KPK Periksa 2 Bos Rokok Pasuruan Terkait Kasus Korupsi Bea Cukai

April 27, 2026

Publikasiterkini.com° Pasuruan – Dua pengusaha rokok di Pasuruan diperiksa oleh Komisi Pemberantasan Korupsi dalam rangka pengembangan kasus dugaan korupsi di lingkungan Direktorat Jenderal Bea dan Cukai. Pemeriksaan ini memicu perhatian publik sekaligus menjadi sinyal penguatan pengawasan terhadap industri tembakau.
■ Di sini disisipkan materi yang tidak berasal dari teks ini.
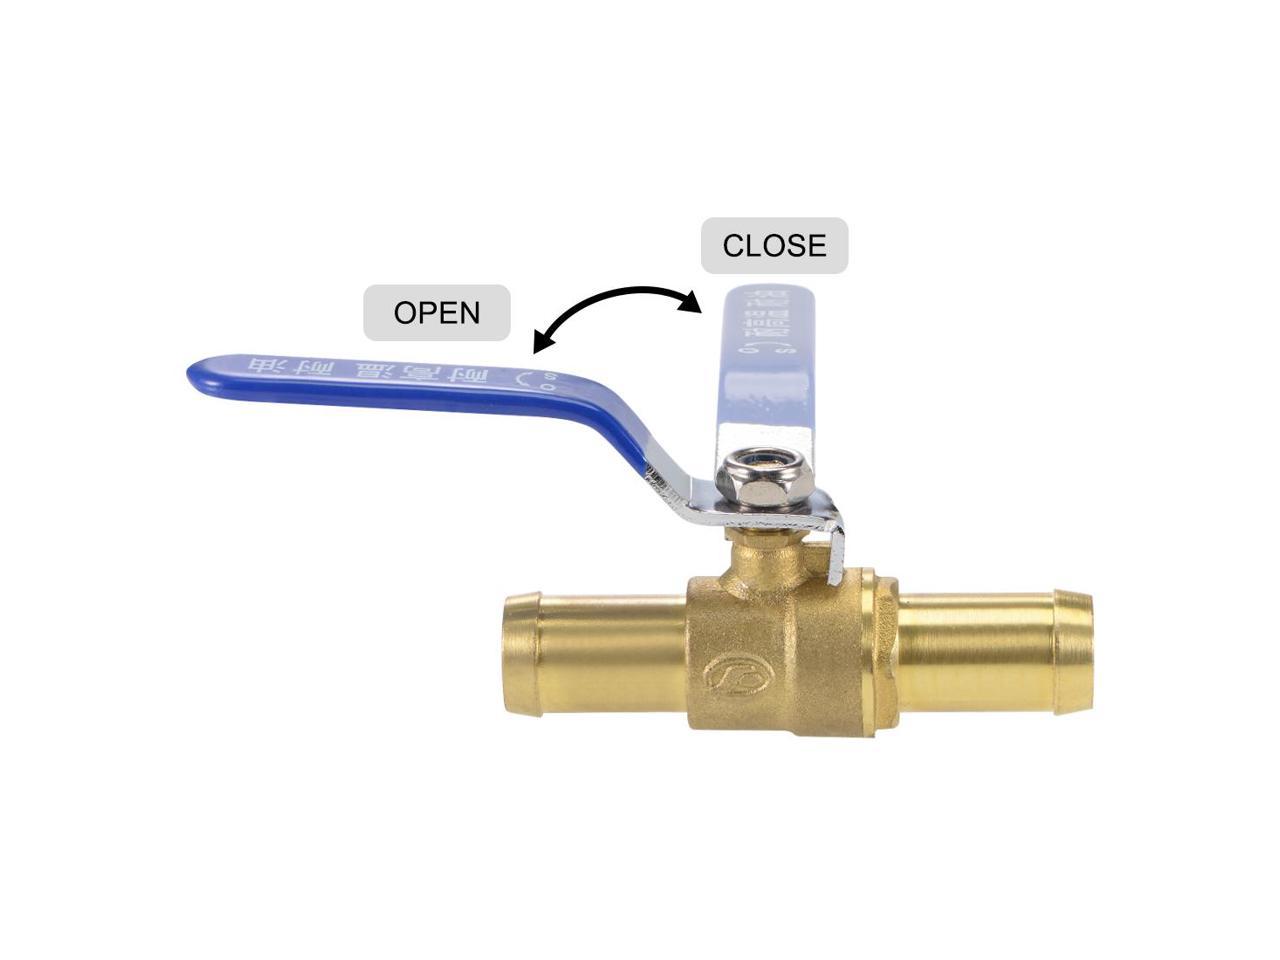 19mm Pipe ID hose Barb Brass Ball Valve Fitting Blue Lever Handle Water Air L85 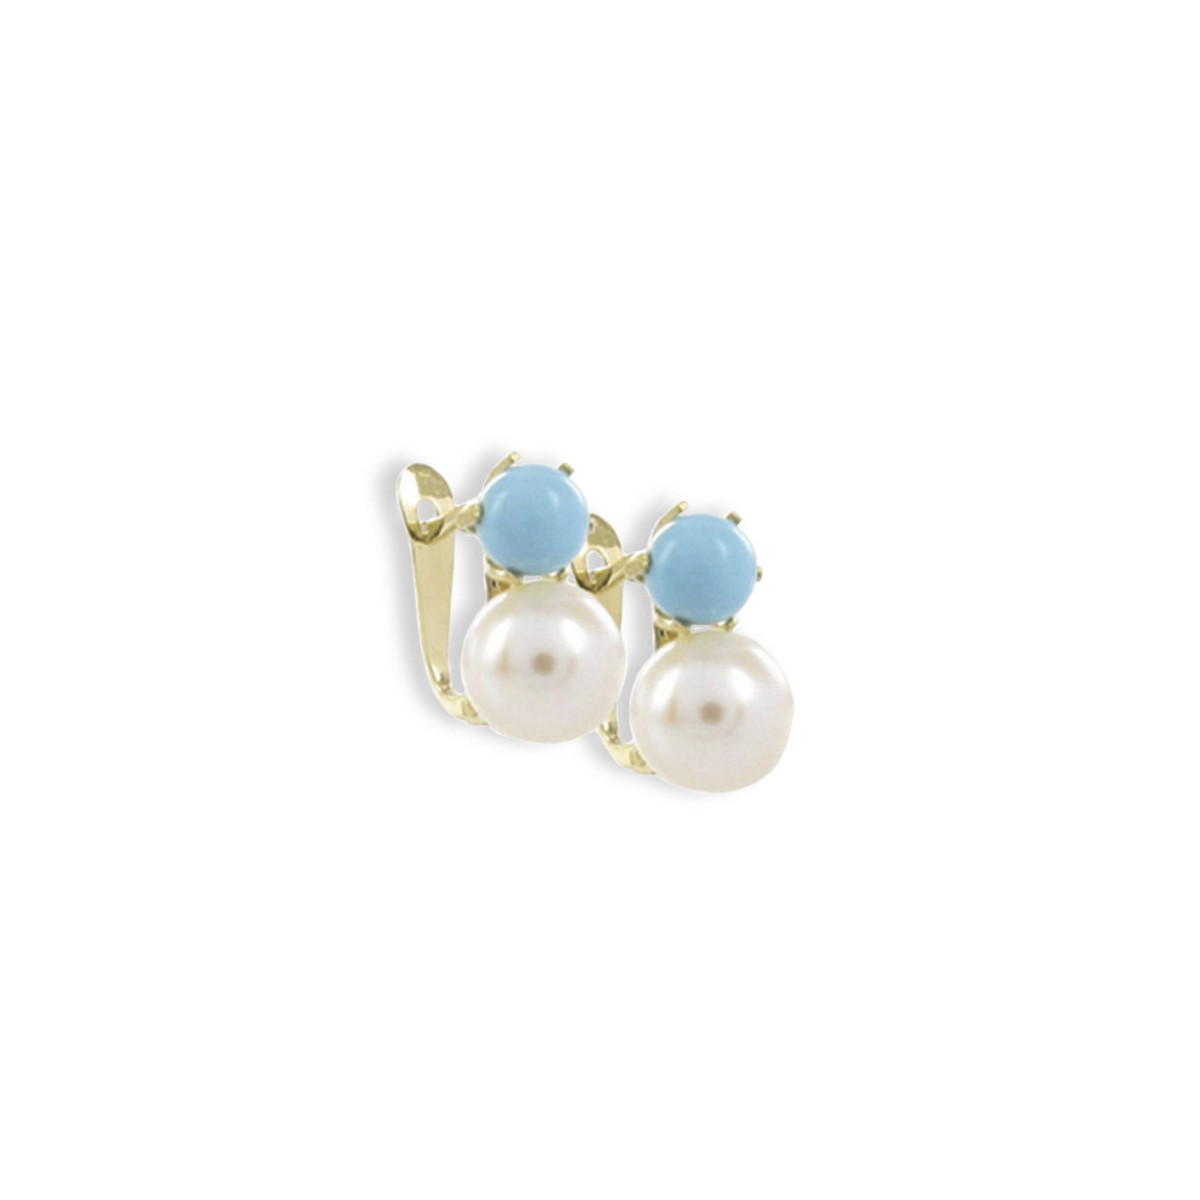 GOLD EARRINGS PEARL AND TURQUOISE

Kepala Bea Cukai Pasuruan, Hatta Wardhana, menyatakan pihaknya mendukung penuh proses hukum yang sedang berjalan. Ia menegaskan bahwa langkah tersebut merupakan bagian dari upaya menjaga transparansi dan kepatuhan pelaku usaha terhadap regulasi.

“Kita ikuti saja perkembangannya seperti apa, karena saat ini KPK mungkin sedang mengumpulkan beberapa keterangan dari perusahaan rokok di wilayah Pasuruan,” ujarnya, Senin (27/4/2026).

Hatta menambahkan, pihaknya menghormati seluruh proses penelusuran yang dilakukan oleh lembaga antirasuah tersebut. Di sisi lain, Bea Cukai juga terus memperkuat edukasi kepada pelaku usaha agar tidak keluar dari koridor hukum.

“Edukasi selalu kami sampaikan dan jika ada yang berani keluar dari aturan, maka silakan tanggung jawab sendiri atas konsekuensi hukumnya,” tegasnya.

Menurutnya, sistem pengawasan industri rokok kini telah diperketat, mulai dari aspek administratif hingga operasional. Persyaratan seperti luas bangunan, proses produksi, hingga transparansi bisnis menjadi bagian dari kontrol yang diawasi secara ketat.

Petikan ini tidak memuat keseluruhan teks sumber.